I went first with the easy method : using an Internet Explorer object :
Sub method1()
Set IE = CreateObject("InternetExplorer.Application")
IE.Visible = False
IE.Navigate "http://www.casablanca-bourse.com/bourseweb/Negociation-Historique.aspx?Cat=24&IdLink=302"
Do While IE.Busy
DoEvents
Loop
'Picking the security
Set obj1 = IE.document.getElementById("HistoriqueNegociation1_HistValeur1_DDValeur")

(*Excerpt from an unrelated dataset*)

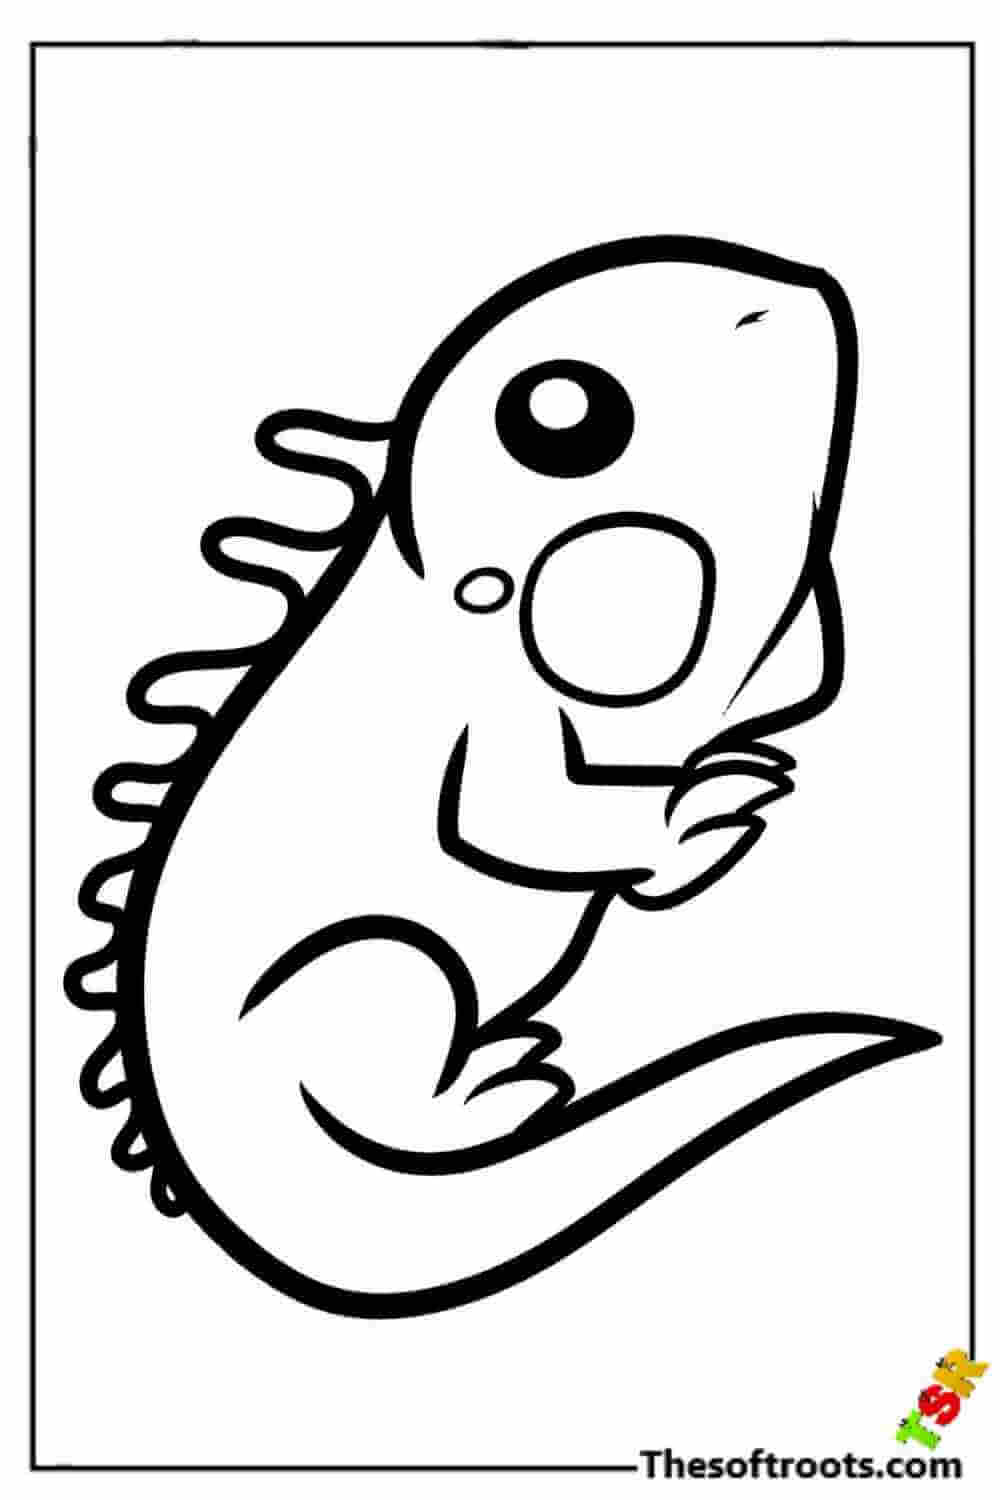 Lizard coloring pages kids coloring pages coloring pages coloring pages for kids cute lizard

obj1.Value = "4100 " 'Security code taken from the source html
'Specifying "By period"
Set obj2 = IE.document.getElementById("HistoriqueNegociation1_HistValeur1_RBSearchDate")
obj2.Checked = True
'Start date
Set obj3 = IE.document.getElementById("HistoriqueNegociation1_HistValeur1_DateTimeControl1_TBCalendar")
obj3.Value = "07/03/2016"
'End date
Set obj4 = IE.document.getElementById("HistoriqueNegociation1_HistValeur1_DateTimeControl2_TBCalendar")
obj4.Value = "07/03/2016"
'Clicking the button
Set objs = IE.document.getElementById("HistoriqueNegociation1_HistValeur1_Image1")
objs.Click
'Setting the data <div> as an object
Set obj5 = IE.document.getElementById("HistoriqueNegociation1_UpdatePanel1")
s = obj5.innerHTML
'Looping until the quotes pop up
Do While InStr(s, "HistoriqueNegociation1_HistValeur1_RptListHist_ctl01_Label3") = 0
Application.Wait DateAdd("s", 0.1, Now)
s = obj5.innerHTML
Loop
'Printing the value
Set obj6 = IE.document.getElementById("HistoriqueNegociation1_HistValeur1_RptListHist_ctl01_Label3")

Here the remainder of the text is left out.